**Work order**
In the listing that follows, the lines starting at the one containing "décor and ornaments." and ending at the one containing "A Steller's Sea" are to be returned exactly, both boundary lines included, and no others.
----- Records for the task -----
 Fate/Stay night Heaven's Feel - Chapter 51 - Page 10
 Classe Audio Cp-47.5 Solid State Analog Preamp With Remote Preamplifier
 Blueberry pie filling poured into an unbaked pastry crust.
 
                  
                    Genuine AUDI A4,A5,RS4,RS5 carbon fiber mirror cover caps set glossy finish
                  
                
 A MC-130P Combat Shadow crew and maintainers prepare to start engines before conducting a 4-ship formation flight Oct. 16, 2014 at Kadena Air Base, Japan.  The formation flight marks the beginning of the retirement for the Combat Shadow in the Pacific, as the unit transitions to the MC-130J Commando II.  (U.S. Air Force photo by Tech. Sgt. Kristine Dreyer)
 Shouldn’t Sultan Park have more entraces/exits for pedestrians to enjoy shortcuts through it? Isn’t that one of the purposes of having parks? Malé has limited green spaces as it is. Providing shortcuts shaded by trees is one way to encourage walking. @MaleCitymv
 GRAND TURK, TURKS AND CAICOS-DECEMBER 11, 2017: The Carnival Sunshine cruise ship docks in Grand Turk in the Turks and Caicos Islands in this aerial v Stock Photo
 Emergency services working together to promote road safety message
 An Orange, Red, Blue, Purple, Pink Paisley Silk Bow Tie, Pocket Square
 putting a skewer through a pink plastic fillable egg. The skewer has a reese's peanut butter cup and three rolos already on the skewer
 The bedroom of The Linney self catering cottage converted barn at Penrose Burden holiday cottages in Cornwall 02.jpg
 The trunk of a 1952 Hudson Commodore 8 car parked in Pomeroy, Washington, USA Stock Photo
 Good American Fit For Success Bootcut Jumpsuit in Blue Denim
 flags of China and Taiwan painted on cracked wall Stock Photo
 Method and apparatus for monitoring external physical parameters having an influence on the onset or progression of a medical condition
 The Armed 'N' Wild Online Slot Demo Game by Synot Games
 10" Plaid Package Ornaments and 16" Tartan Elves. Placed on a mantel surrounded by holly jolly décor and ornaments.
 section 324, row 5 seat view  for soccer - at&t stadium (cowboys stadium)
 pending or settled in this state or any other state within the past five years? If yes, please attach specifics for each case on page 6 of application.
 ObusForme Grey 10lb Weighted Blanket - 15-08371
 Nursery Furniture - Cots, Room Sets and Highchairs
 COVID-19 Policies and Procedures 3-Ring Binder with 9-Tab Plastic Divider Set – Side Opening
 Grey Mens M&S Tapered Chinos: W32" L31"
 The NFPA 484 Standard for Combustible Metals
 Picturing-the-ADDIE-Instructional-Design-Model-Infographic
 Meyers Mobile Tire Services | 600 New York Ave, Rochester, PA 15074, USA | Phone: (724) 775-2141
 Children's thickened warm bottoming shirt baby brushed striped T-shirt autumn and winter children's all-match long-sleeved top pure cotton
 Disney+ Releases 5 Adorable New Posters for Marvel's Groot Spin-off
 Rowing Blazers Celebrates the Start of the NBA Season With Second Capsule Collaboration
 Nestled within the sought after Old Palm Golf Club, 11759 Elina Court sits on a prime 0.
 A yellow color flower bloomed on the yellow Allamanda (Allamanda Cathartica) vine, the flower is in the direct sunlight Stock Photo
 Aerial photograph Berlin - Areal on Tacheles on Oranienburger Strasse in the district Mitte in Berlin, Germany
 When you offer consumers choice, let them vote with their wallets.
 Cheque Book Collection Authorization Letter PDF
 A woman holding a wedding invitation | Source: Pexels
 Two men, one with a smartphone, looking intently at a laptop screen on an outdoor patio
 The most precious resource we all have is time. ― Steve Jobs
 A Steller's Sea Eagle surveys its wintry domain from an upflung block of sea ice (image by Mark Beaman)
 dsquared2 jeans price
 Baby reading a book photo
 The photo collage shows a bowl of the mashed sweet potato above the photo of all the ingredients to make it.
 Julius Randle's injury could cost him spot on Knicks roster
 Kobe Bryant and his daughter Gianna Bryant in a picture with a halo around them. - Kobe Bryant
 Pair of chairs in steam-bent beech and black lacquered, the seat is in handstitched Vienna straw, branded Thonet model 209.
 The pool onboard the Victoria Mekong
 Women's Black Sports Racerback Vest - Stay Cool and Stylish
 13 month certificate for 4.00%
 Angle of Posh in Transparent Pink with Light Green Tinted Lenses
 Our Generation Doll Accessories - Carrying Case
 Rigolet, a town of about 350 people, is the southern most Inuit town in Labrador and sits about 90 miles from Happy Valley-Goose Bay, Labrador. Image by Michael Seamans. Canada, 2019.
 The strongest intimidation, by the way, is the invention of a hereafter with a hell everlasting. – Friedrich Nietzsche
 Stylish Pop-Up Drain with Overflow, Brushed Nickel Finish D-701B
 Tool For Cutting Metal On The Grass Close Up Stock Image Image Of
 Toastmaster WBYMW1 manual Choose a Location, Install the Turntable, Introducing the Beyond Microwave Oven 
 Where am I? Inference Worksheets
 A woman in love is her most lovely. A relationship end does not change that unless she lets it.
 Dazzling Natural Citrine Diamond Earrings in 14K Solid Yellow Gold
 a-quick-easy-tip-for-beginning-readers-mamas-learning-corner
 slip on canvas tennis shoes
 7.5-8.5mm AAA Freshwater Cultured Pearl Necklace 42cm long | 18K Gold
-----
**Answer space**
 10" Plaid Package Ornaments and 16" Tartan Elves. Placed on a mantel surrounded by holly jolly décor and ornaments.
 section 324, row 5 seat view  for soccer - at&t stadium (cowboys stadium)
 pending or settled in this state or any other state within the past five years? If yes, please attach specifics for each case on page 6 of application.
 ObusForme Grey 10lb Weighted Blanket - 15-08371
 Nursery Furniture - Cots, Room Sets and Highchairs
 COVID-19 Policies and Procedures 3-Ring Binder with 9-Tab Plastic Divider Set – Side Opening
 Grey Mens M&S Tapered Chinos: W32" L31"
 The NFPA 484 Standard for Combustible Metals
 Picturing-the-ADDIE-Instructional-Design-Model-Infographic
 Meyers Mobile Tire Services | 600 New York Ave, Rochester, PA 15074, USA | Phone: (724) 775-2141
 Children's thickened warm bottoming shirt baby brushed striped T-shirt autumn and winter children's all-match long-sleeved top pure cotton
 Disney+ Releases 5 Adorable New Posters for Marvel's Groot Spin-off
 Rowing Blazers Celebrates the Start of the NBA Season With Second Capsule Collaboration
 Nestled within the sought after Old Palm Golf Club, 11759 Elina Court sits on a prime 0.
 A yellow color flower bloomed on the yellow Allamanda (Allamanda Cathartica) vine, the flower is in the direct sunlight Stock Photo
 Aerial photograph Berlin - Areal on Tacheles on Oranienburger Strasse in the district Mitte in Berlin, Germany
 When you offer consumers choice, let them vote with their wallets.
 Cheque Book Collection Authorization Letter PDF
 A woman holding a wedding invitation | Source: Pexels
 Two men, one with a smartphone, looking intently at a laptop screen on an outdoor patio
 The most precious resource we all have is time. ― Steve Jobs
 A Steller's Sea Eagle surveys its wintry domain from an upflung block of sea ice (image by Mark Beaman)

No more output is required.